LISTED ENTRIES:

• • • • • • •

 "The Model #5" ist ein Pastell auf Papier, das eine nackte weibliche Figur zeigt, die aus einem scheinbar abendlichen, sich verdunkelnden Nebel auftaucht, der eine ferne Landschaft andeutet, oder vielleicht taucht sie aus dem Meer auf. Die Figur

• • • • • • •

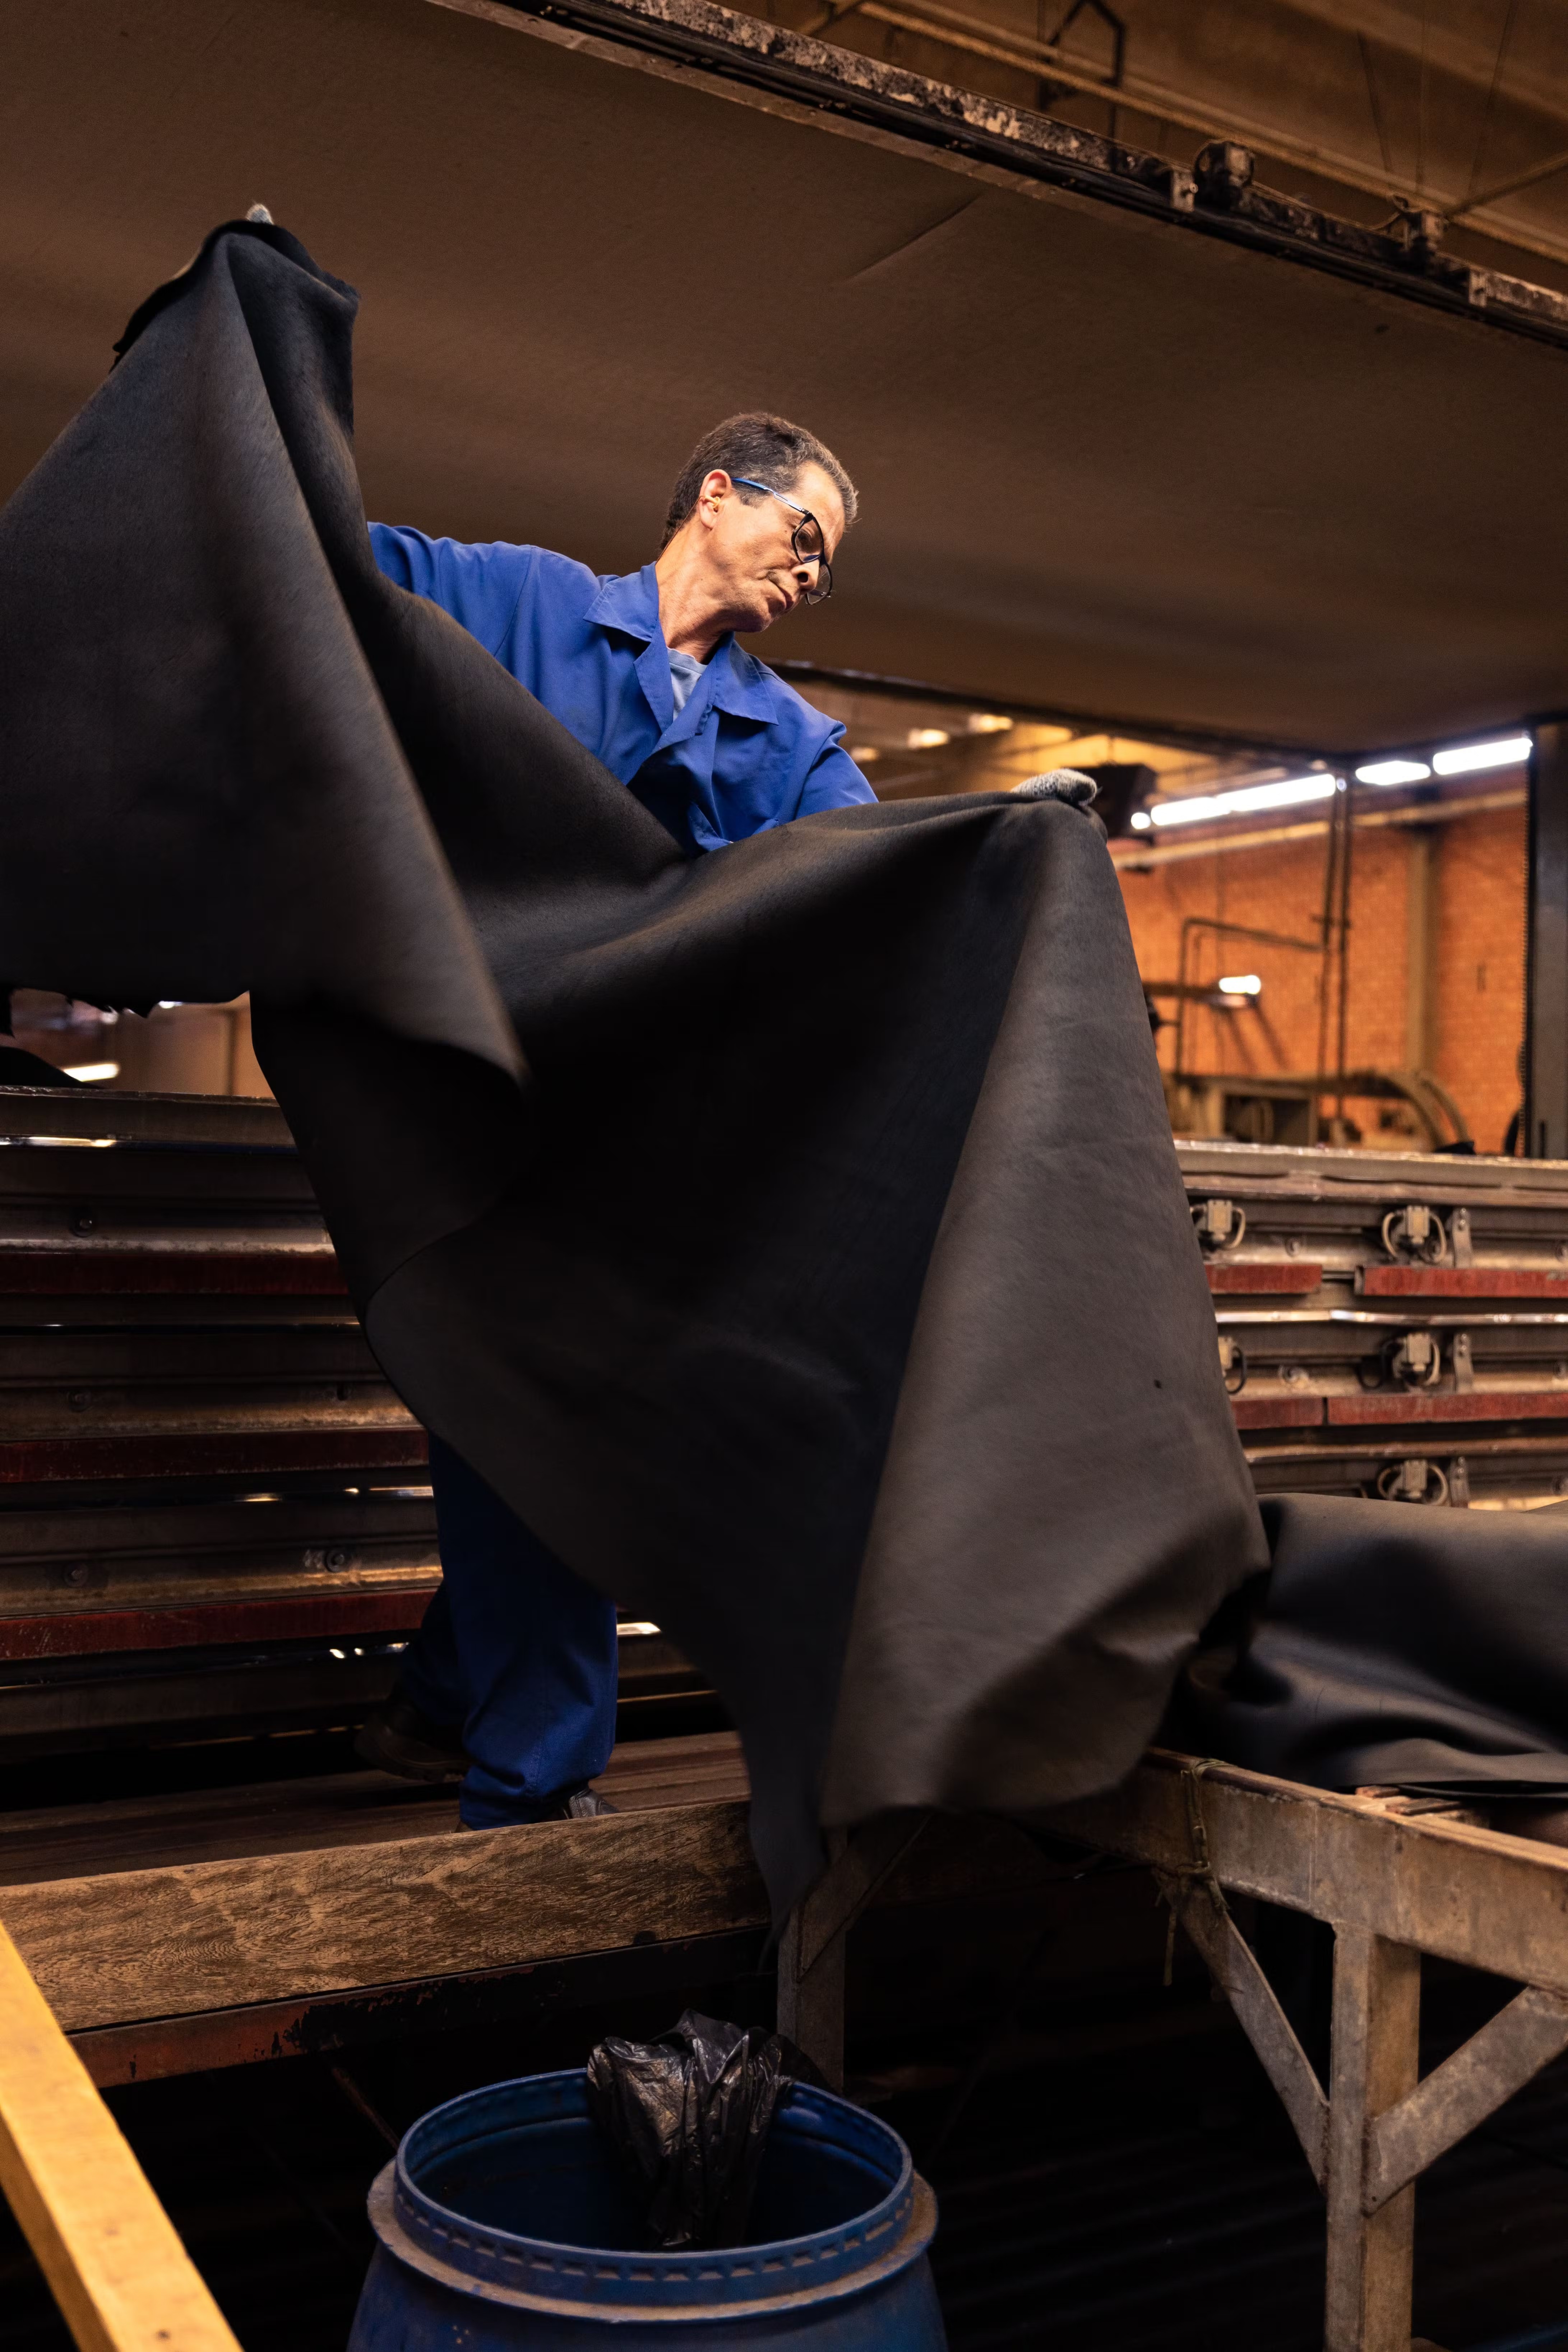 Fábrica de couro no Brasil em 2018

• • • • • • •

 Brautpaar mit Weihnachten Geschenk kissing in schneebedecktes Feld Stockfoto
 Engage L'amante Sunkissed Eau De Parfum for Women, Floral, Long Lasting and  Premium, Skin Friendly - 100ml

• • • • • • •

WHAT IS EXPECTED: Using the entries above, repeat only the lines from the one containing "Brautpaar mit Weihnachten" through the one containing "Engage L'amante Sunkissed", end lines included.

TASK OUTPUT:
 Brautpaar mit Weihnachten Geschenk kissing in schneebedecktes Feld Stockfoto
 Engage L'amante Sunkissed Eau De Parfum for Women, Floral, Long Lasting and  Premium, Skin Friendly - 100ml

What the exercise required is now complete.